Print the contents of board.

This list immediately suggests a few functions that will be useful to create: a function to print the board in a manner as suggested on the prelab so we can see if things are working; a function that creates a board of zeroes of a given width and height; a function that counts the number of live cells neighboring a particular cell in an array; and finally, a function that uses the previous function to update a board.

As we saw in class, we can make a two dimensional array -- a list of lists -- with all values initialized to 0 as follows:


   a = []
   for i in range(w) :
      a.append([0]*h)

Something like


   a = [[0]*h]*w

doesn't give us what we want? Why not? Hint: what happens when we change a single entry in this table?

Dealing with Edges (Donuts!)

The edges of the board tend to be problematic. For example, if you are considering cell (WIDTH-1,HEIGHT-1) and you attempt to check the liveness of its neighbors as you would for most cells, you'll end up attempting to access positions whose indices are too large. You may have run into this problem in the previous lab doing operations such as blur.

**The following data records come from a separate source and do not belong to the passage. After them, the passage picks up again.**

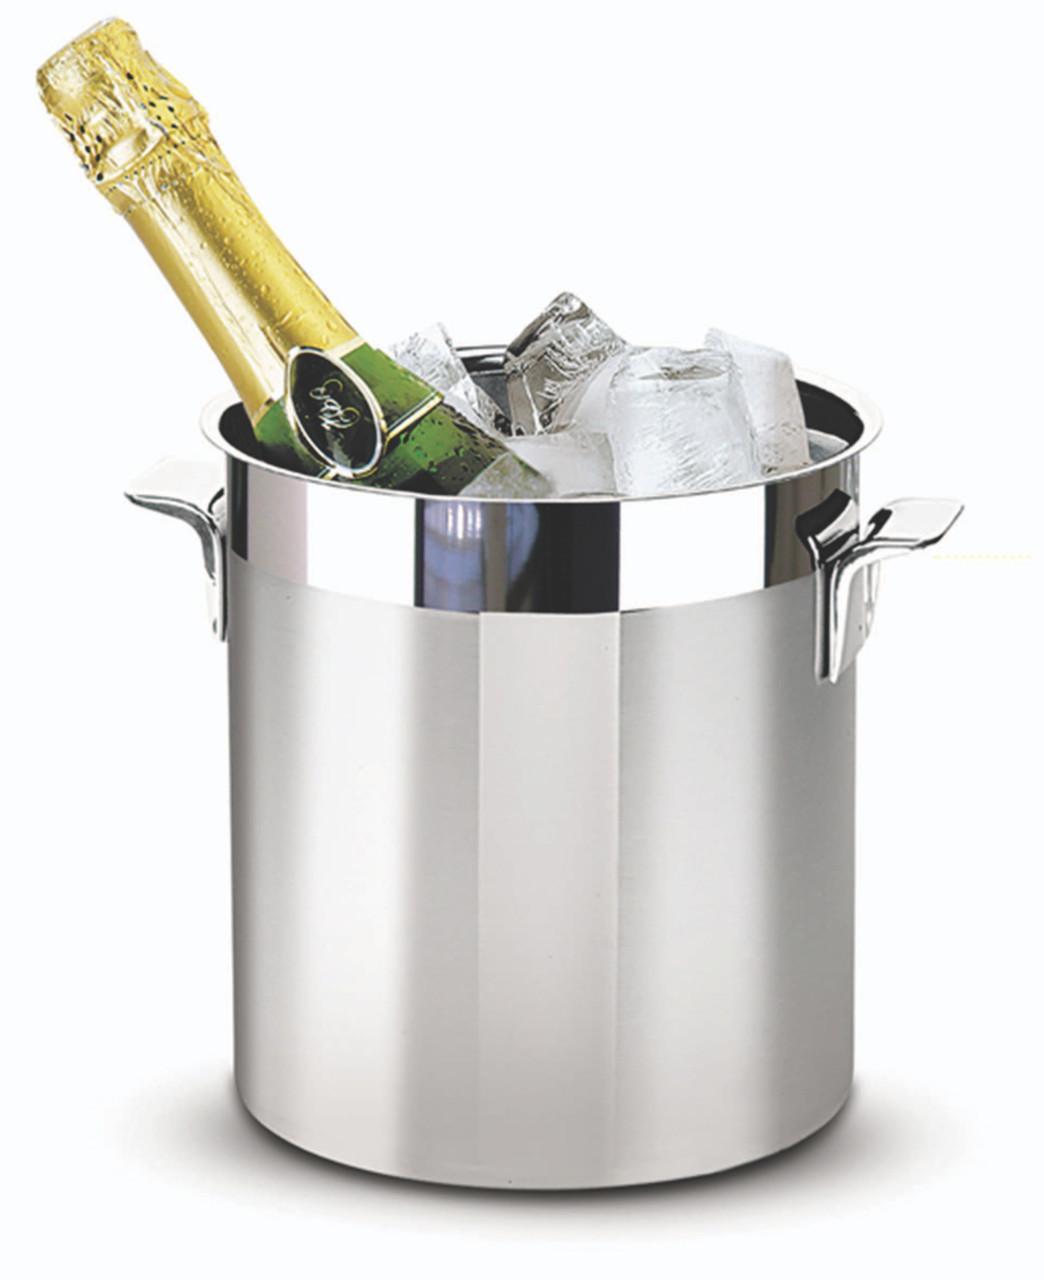 Ведро для шампанского стальное 18см 5,28л 61218/180 Cosmos Tramontina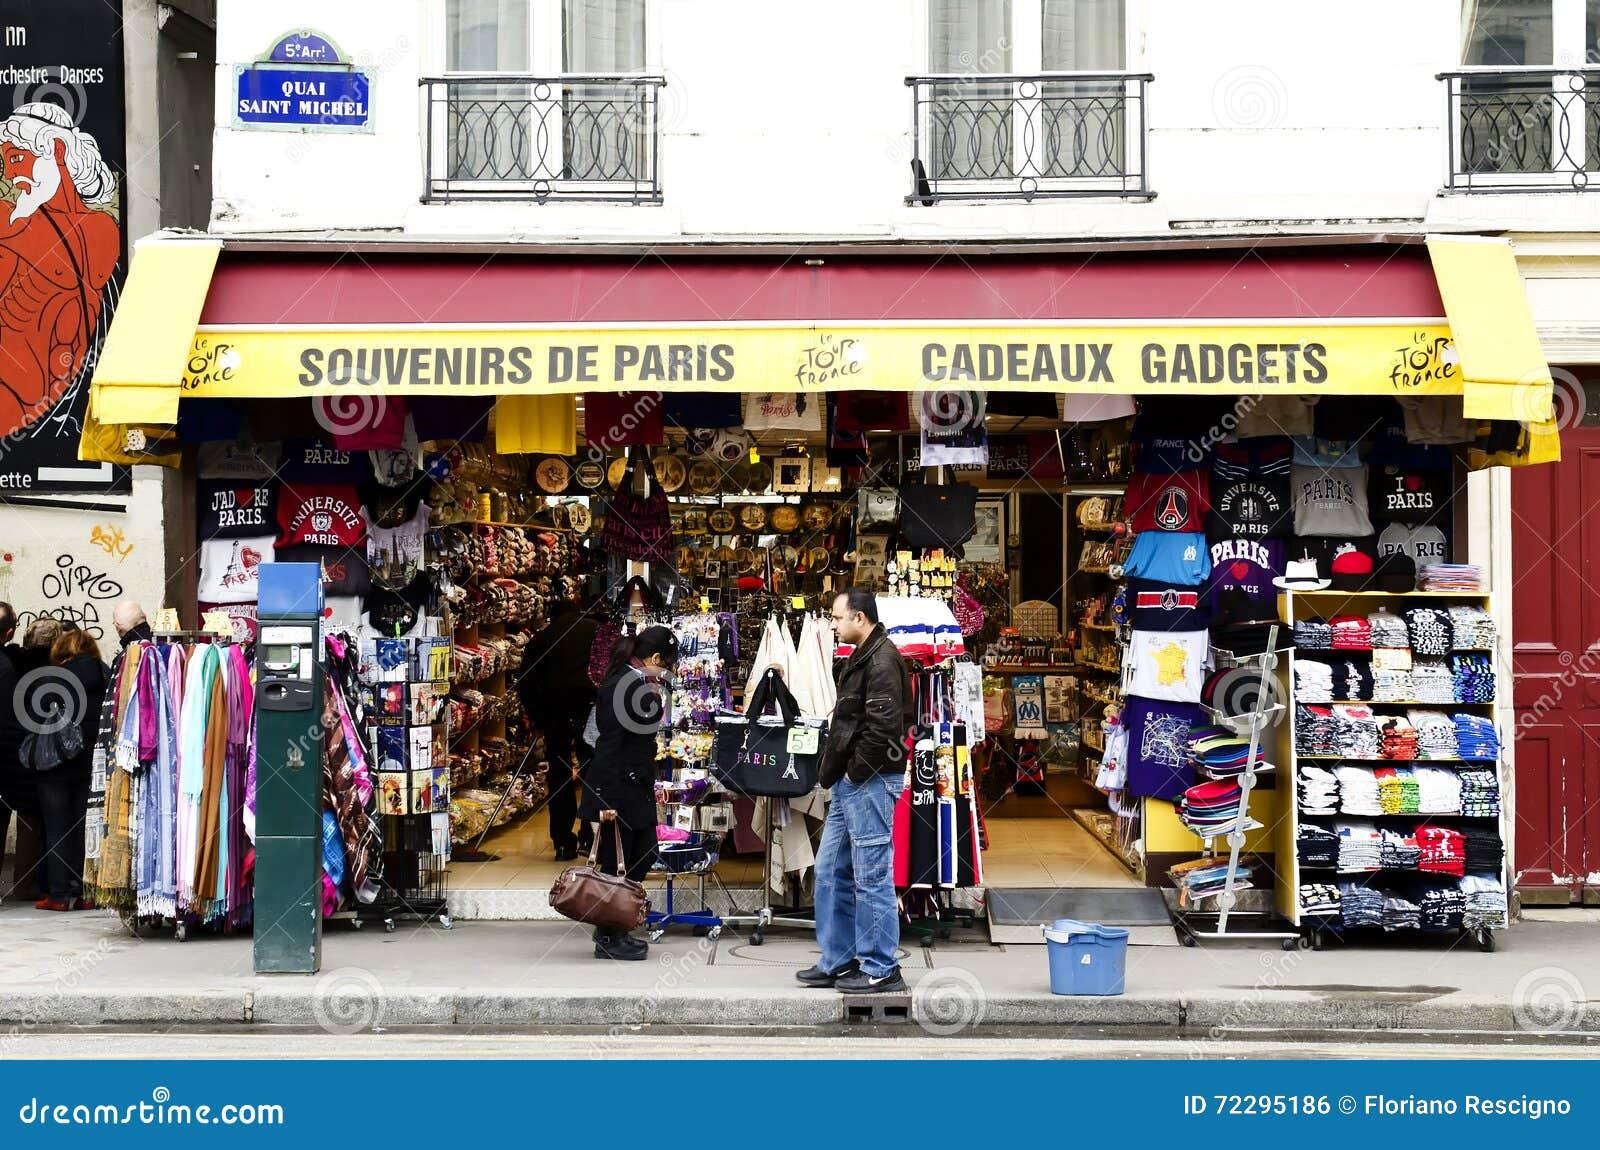 boutique de souvenirs paris photo ditorial image du parisien cadeau 72295186. Black Bedroom Furniture Sets. Home Design Ideas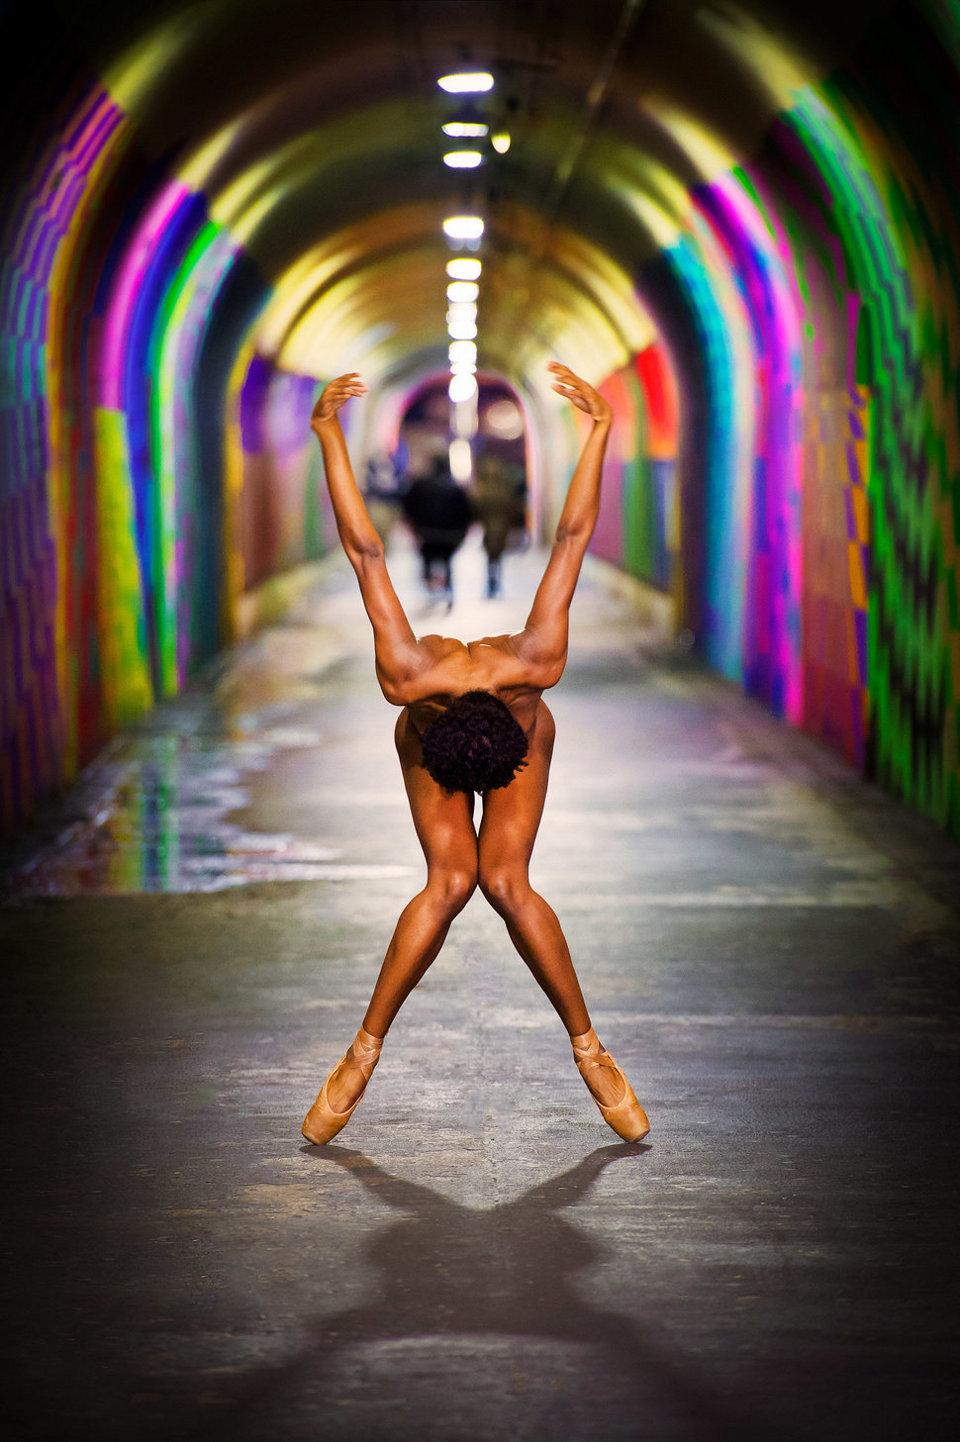 ballerini-nudi-danzano-strade-notte-dancers-after-dark-jordan-matter-08

One natural fix is to simply create a board that is 2 units taller and 2 units wider than you actually want, and only do updates on non-border cells. This approach would work fine, but on this lab you're going to do something a bit different; we're going to use a torus rather than a plane for our game board. A torus is just the technical name for the shape of a donut.

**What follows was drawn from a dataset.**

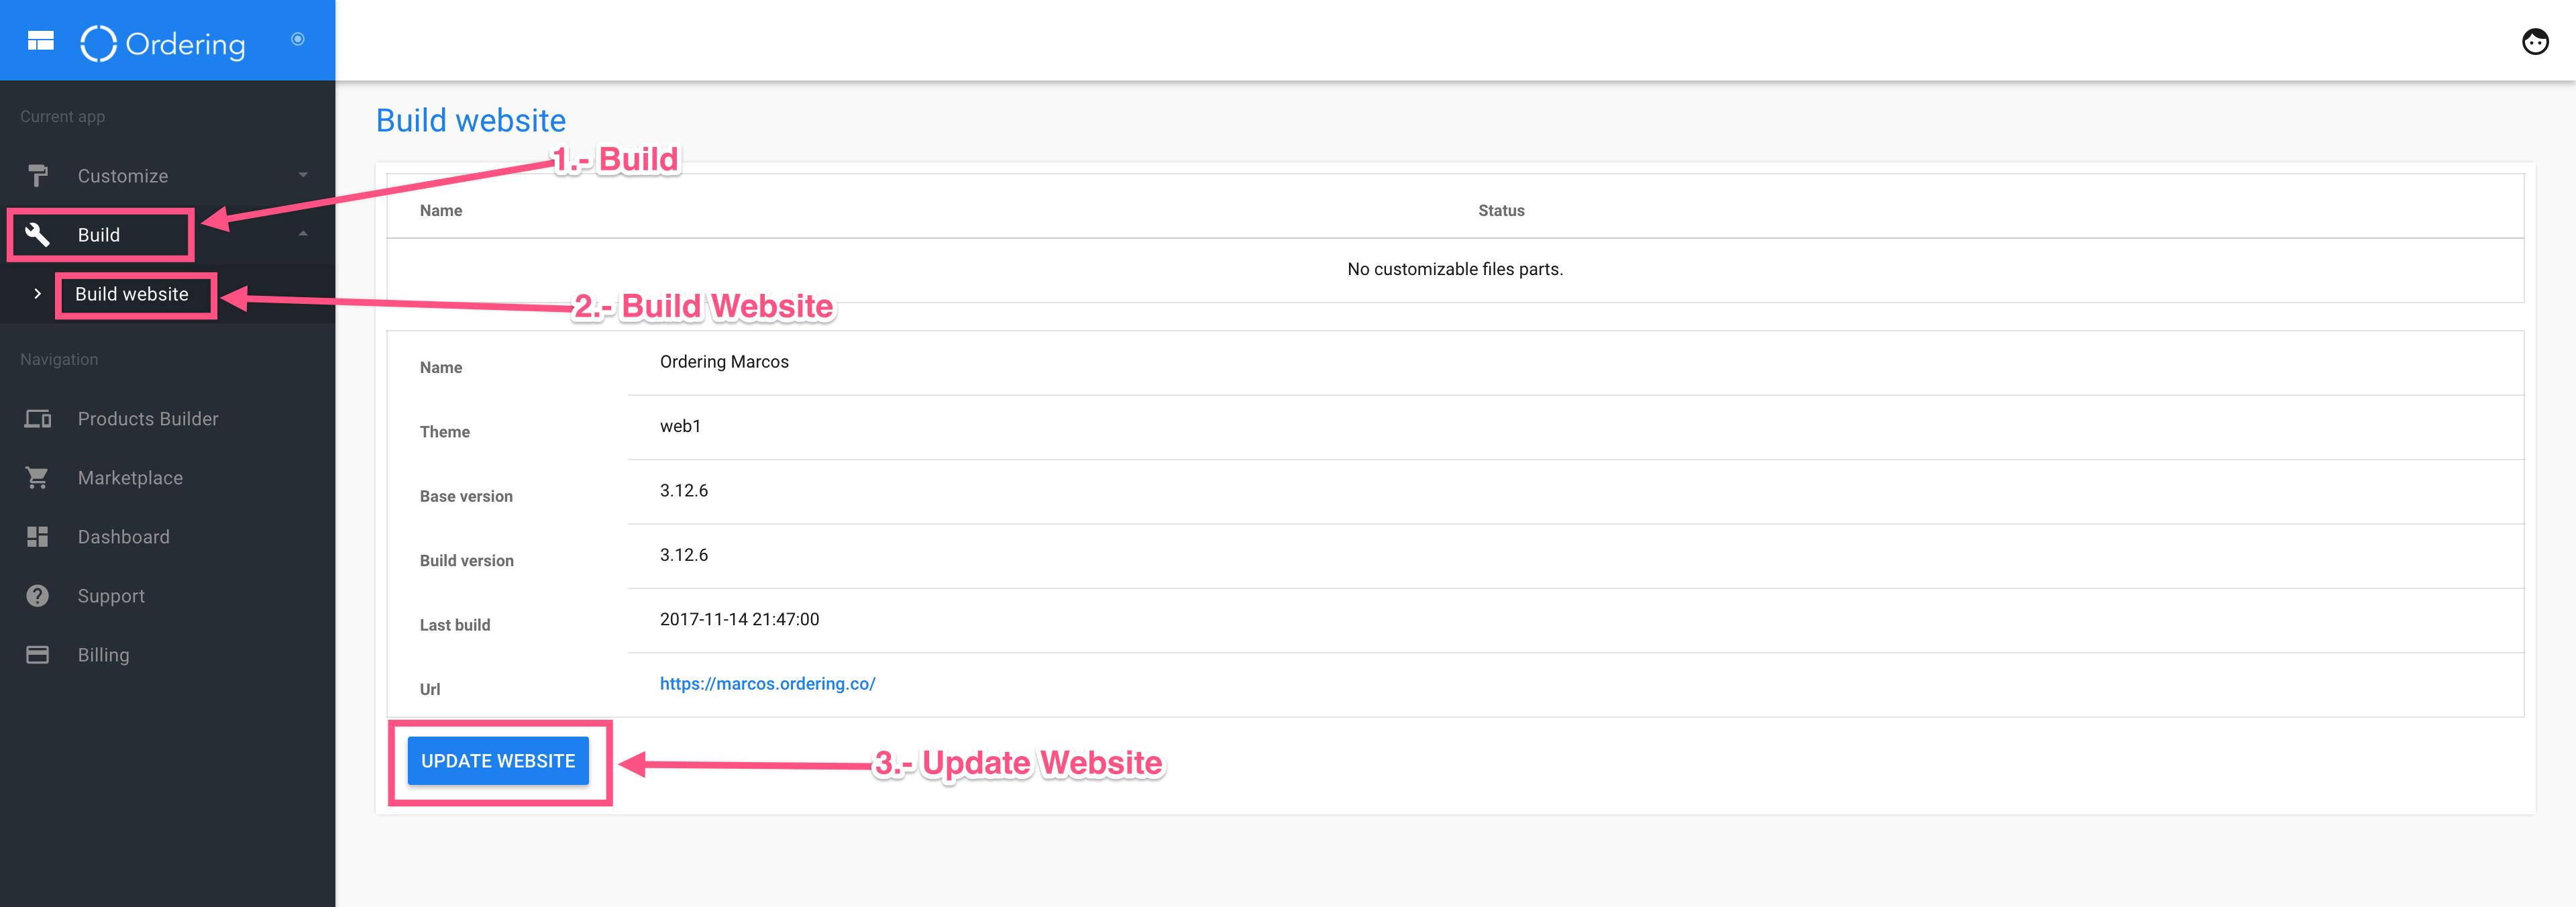 Comparte la URL de tu sitio con una imagen / texto personalizado ...

OK, so what does that mean here? It means that if you were to walk off the right side of the board, you'd appear on the left side at the corresponding position, and vice-versa. Likewise if you walked off the top of the board, you'd appear on the bottom. This means every cell has 8 neighbors now. Consider cell (0,0). It has the 3 obvious neighbors in the directions E, SE and S. If we want to find the N neighbor, we have to wrap around the top of the board, bringing us to (0, h-1). Similarly, the NE neighbor would be (1, h-1). The NW neighbor would be (w-1, h-1), and so on. One reason this is so handy is that if you use the mod operator appropriately, you don't need any special cases to handle edges or corners.

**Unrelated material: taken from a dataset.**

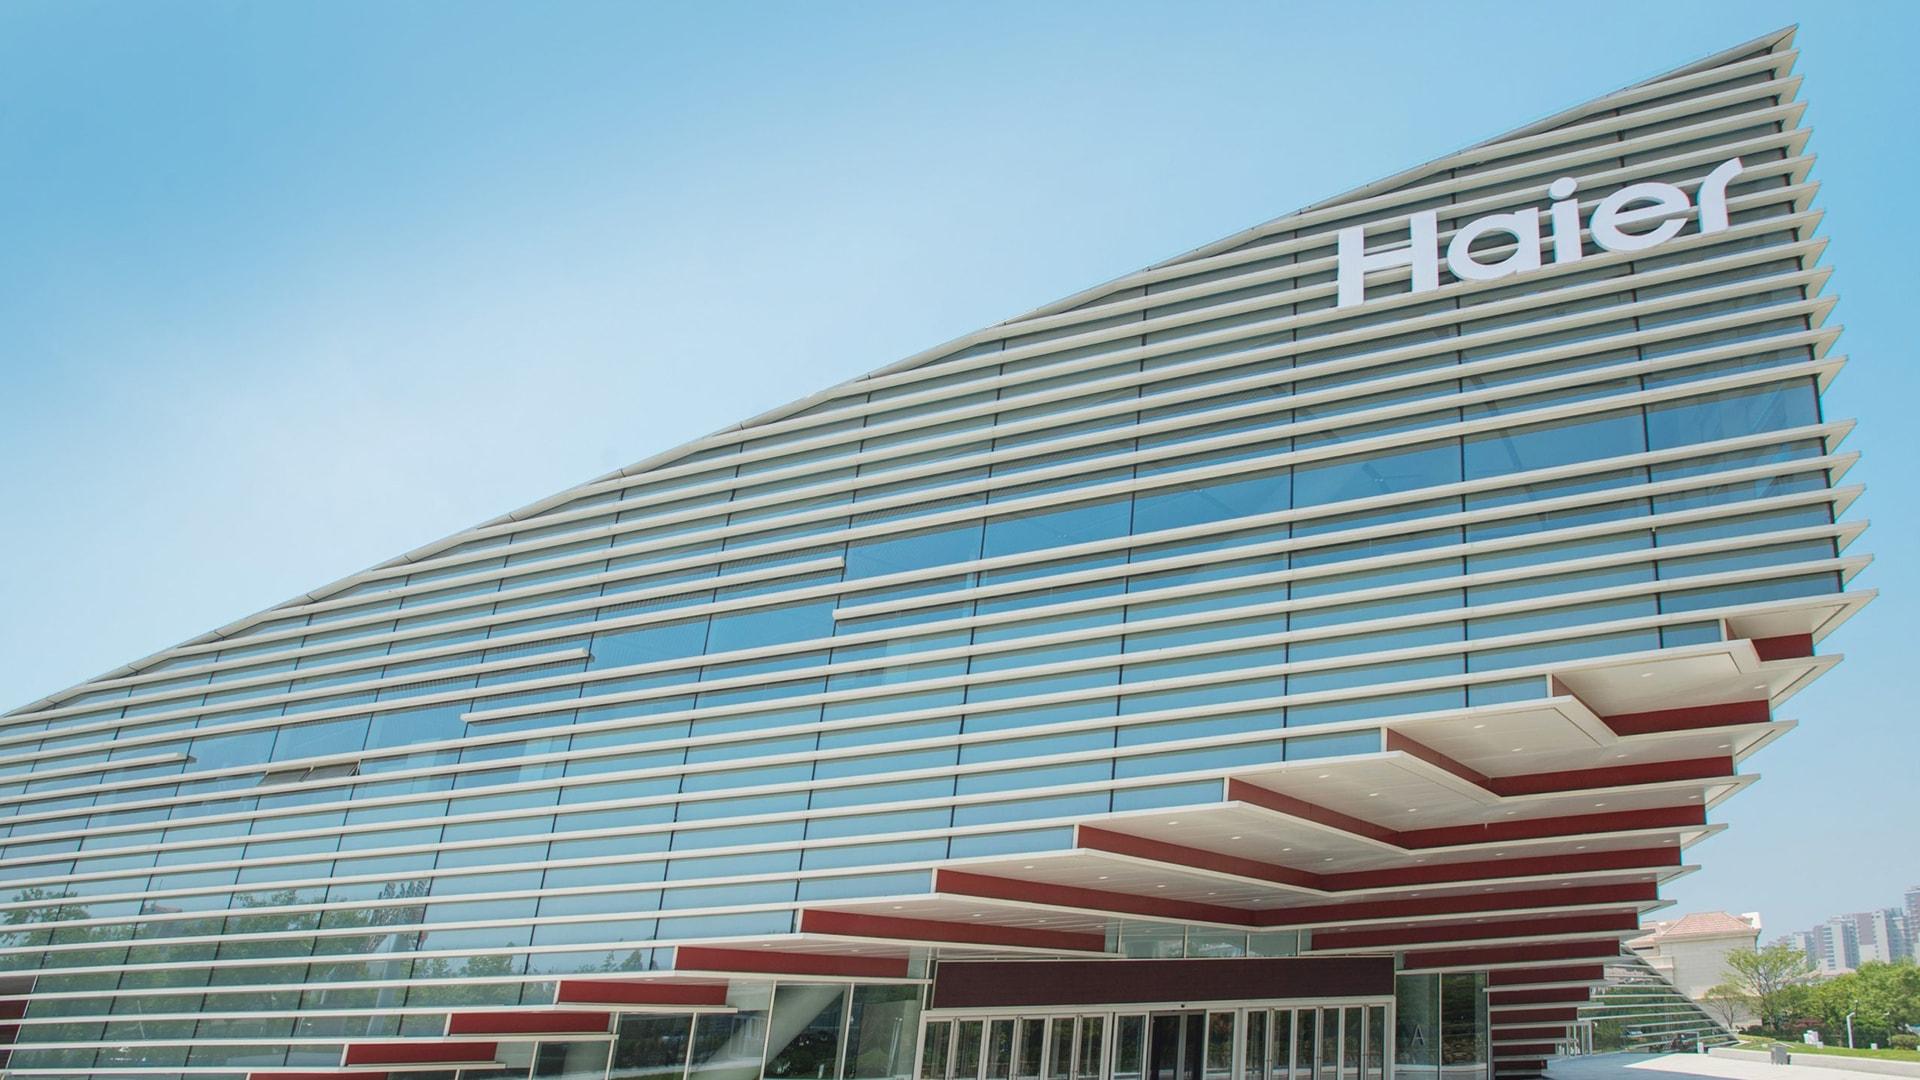 海尔集团品牌营销执行摘要和目录

Alright, so what did this have to do with donuts? Well, since the top of the board is now effectively connected to the bottom of the board, you could imagine the board as a flexible square of rubber, and this connection could be represented by gluing the top edge to the bottom edge. Now we've created a rubber tube. But the left and right edges are also connected. If we bend our tube and glue these edges together, we've created a torus. Mmmm... donuts.

10. Write psuedocode to go through a single iteration of the game, and update all of the cells on the board.

Honor Code

If you followed the Honor Code in this assignment, write the following sentence attesting to the fact at the top of your homework.

I affirm that I have adhered to the Honor Code in this assignment.